SUPPLIED MATERIAL Block Start

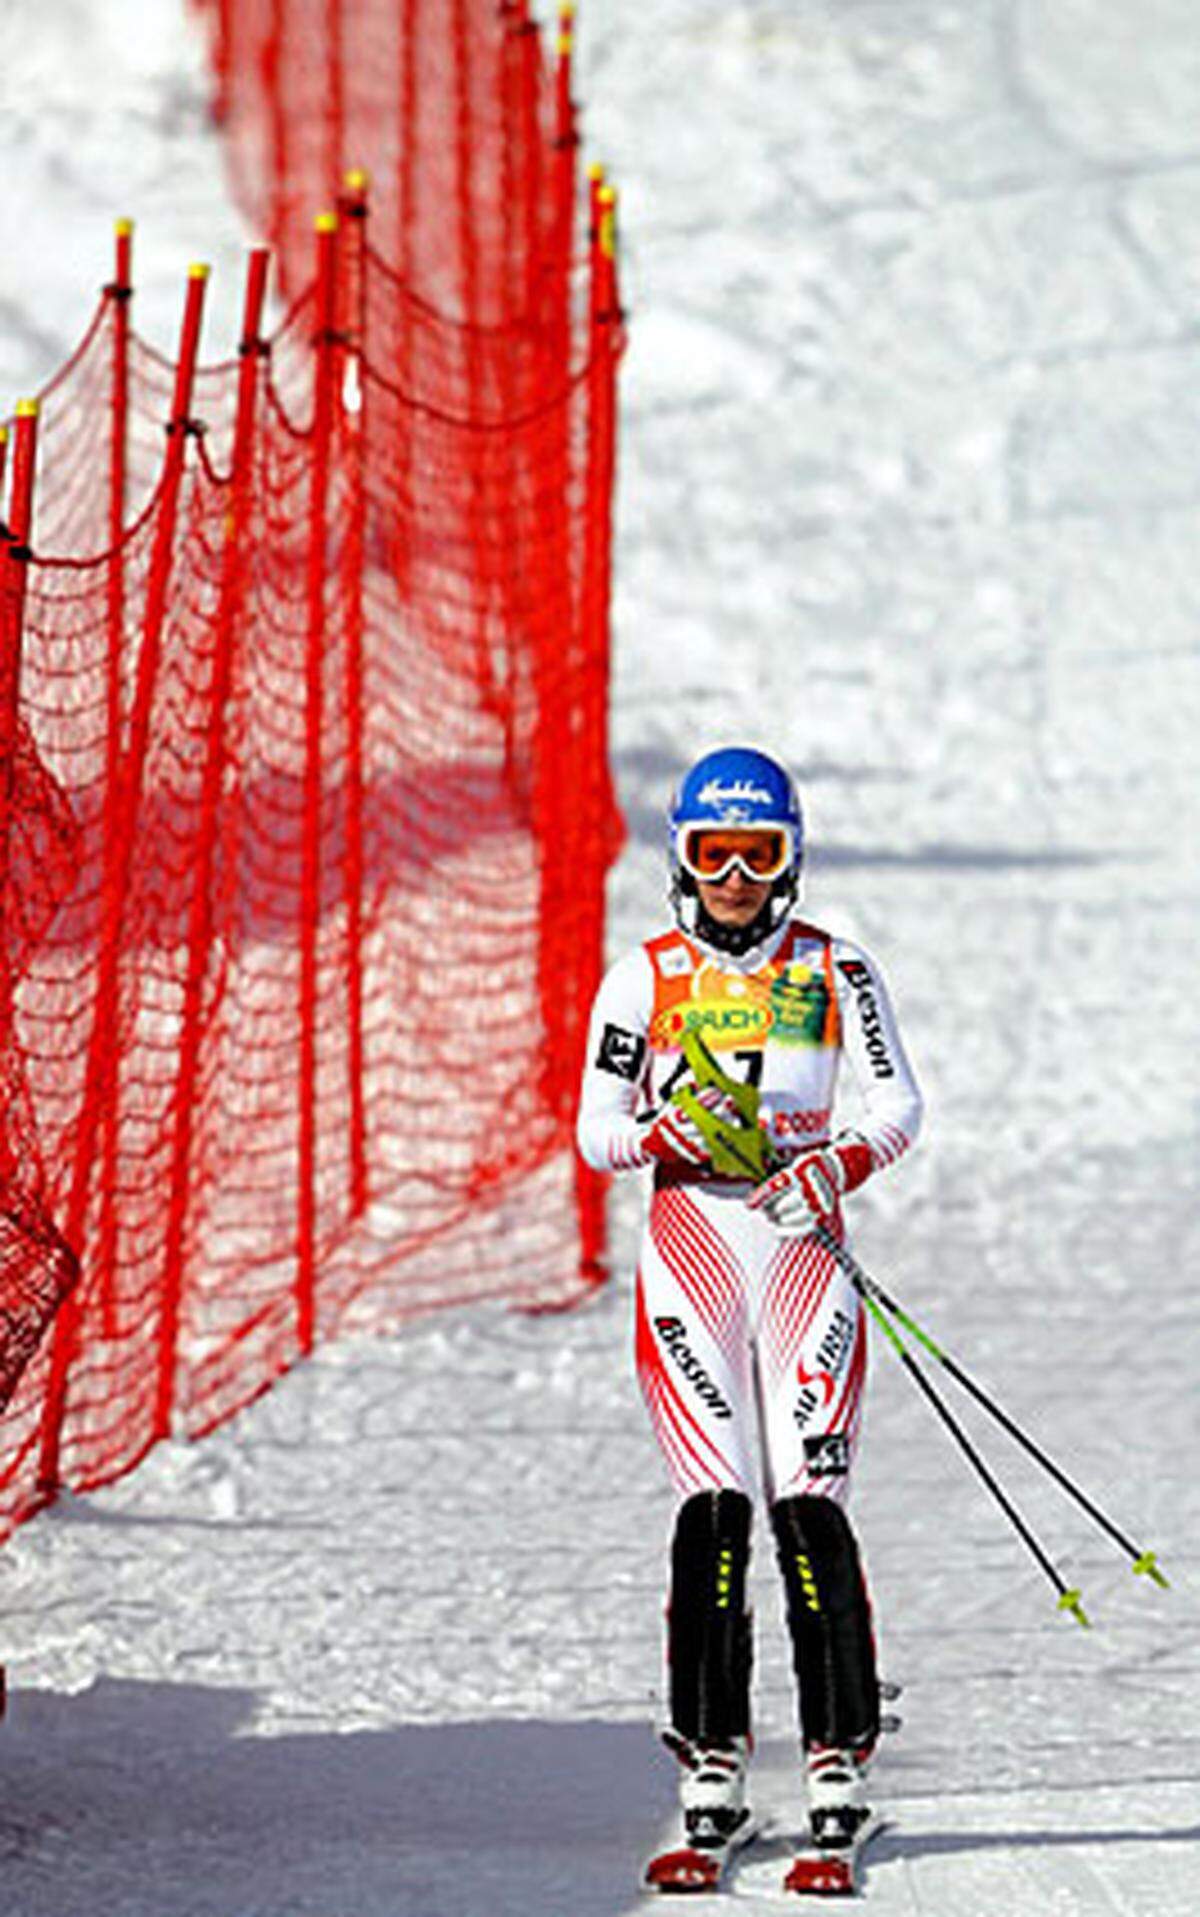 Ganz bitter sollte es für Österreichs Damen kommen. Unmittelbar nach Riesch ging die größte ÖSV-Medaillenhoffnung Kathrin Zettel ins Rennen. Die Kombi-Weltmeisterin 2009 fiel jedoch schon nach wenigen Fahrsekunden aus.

SUPPLIED MATERIAL Block End
SUPPLIED MATERIAL Block Start

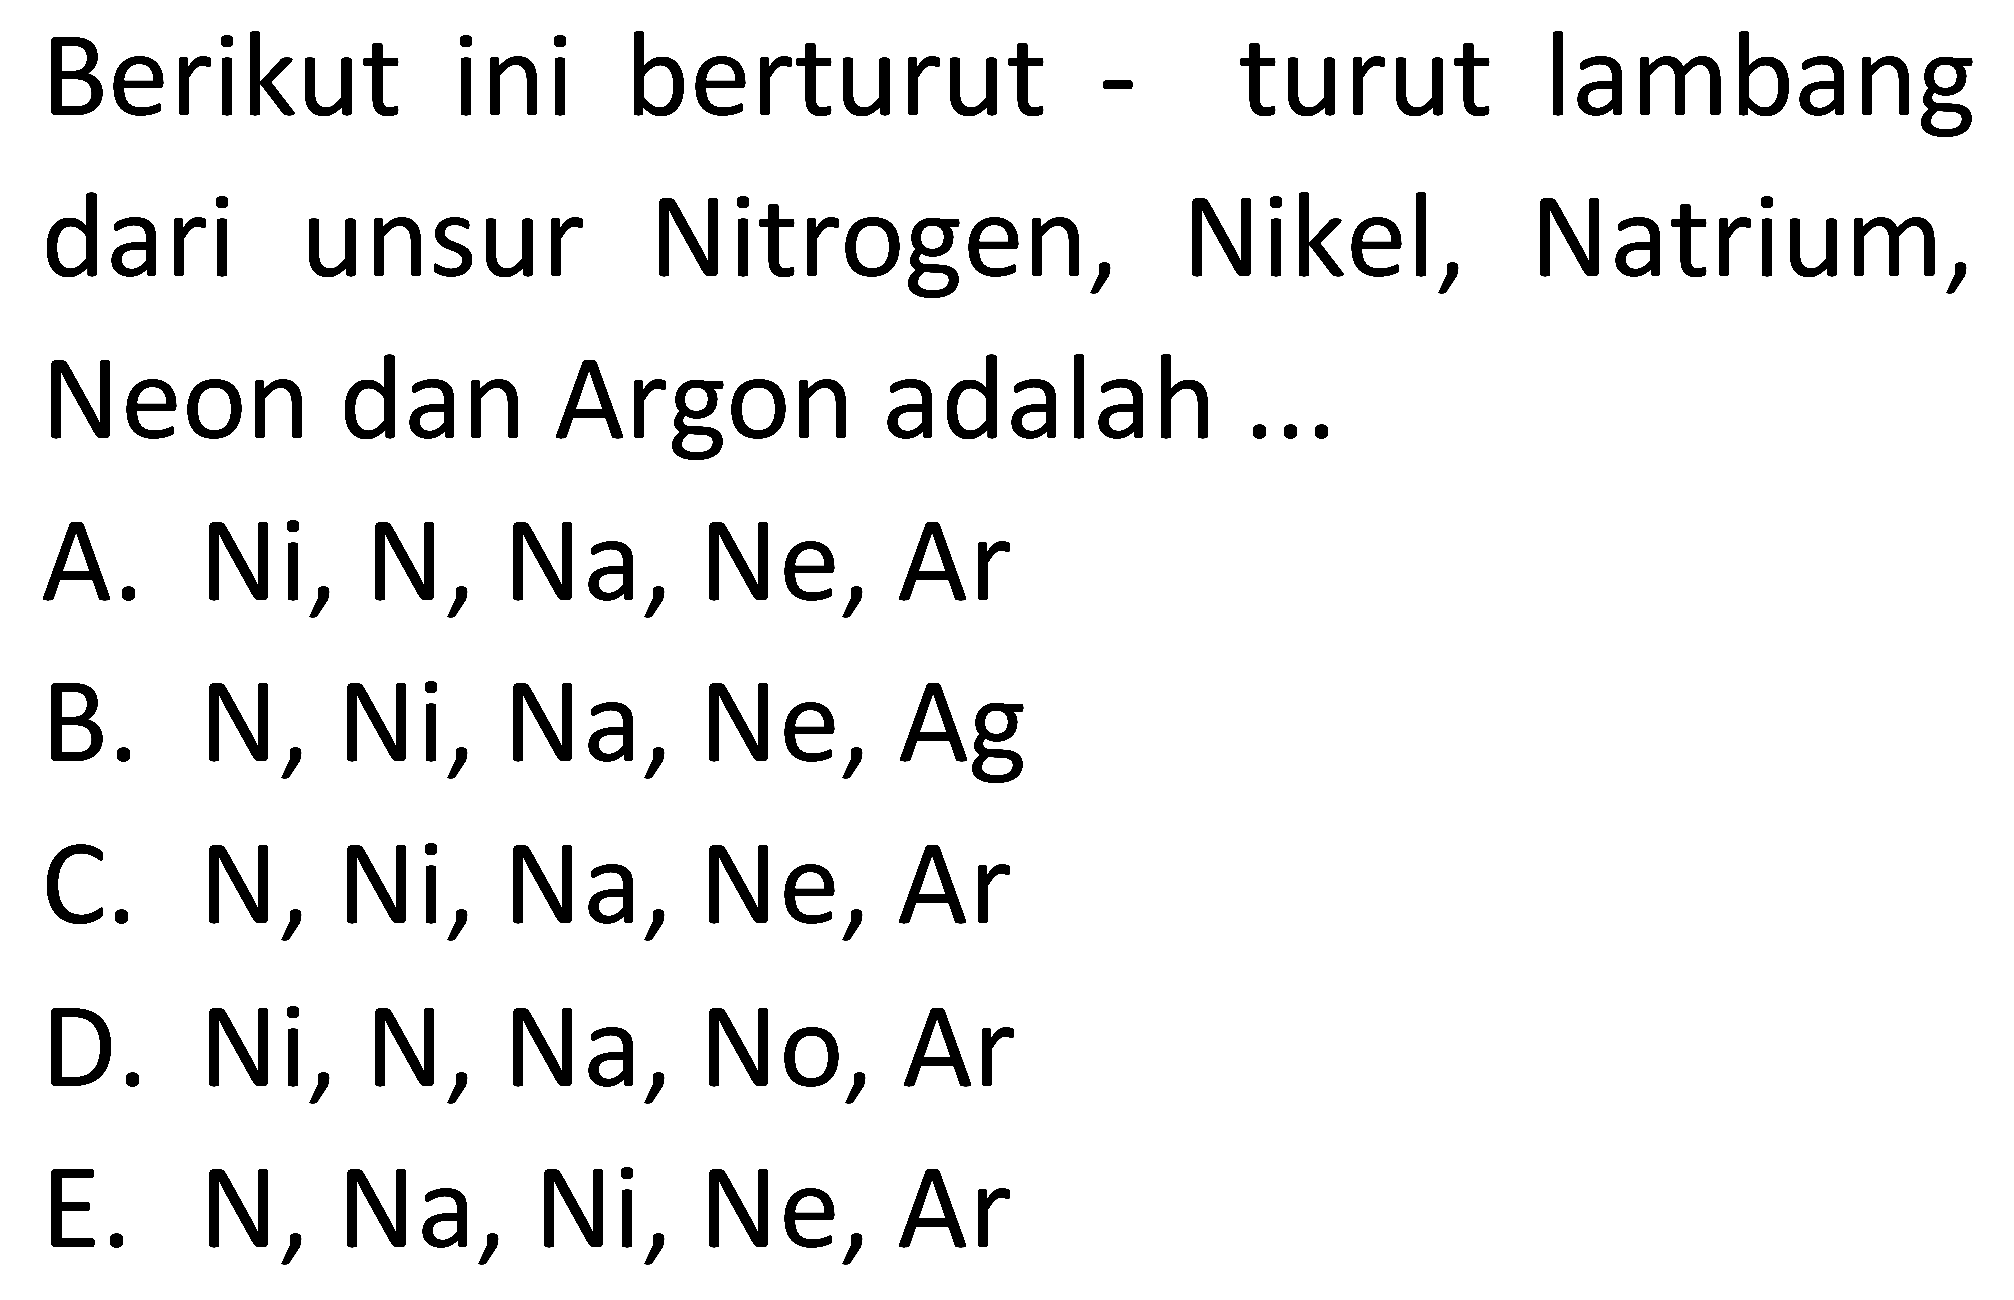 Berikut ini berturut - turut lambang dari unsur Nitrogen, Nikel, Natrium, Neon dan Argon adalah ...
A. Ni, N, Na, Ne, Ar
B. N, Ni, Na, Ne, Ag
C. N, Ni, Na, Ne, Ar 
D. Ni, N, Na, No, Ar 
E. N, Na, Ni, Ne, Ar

SUPPLIED MATERIAL Block End

◆ TASK BRIEF: Going down the listing above, begin printing at the line with "A. Ni, N, Na, Ne, Ar" and finish with the line with "E. N, Na, Ni, Ne, Ar", exactly as they appear.

◆ REPLY:
A. Ni, N, Na, Ne, Ar
B. N, Ni, Na, Ne, Ag
C. N, Ni, Na, Ne, Ar 
D. Ni, N, Na, No, Ar 
E. N, Na, Ni, Ne, Ar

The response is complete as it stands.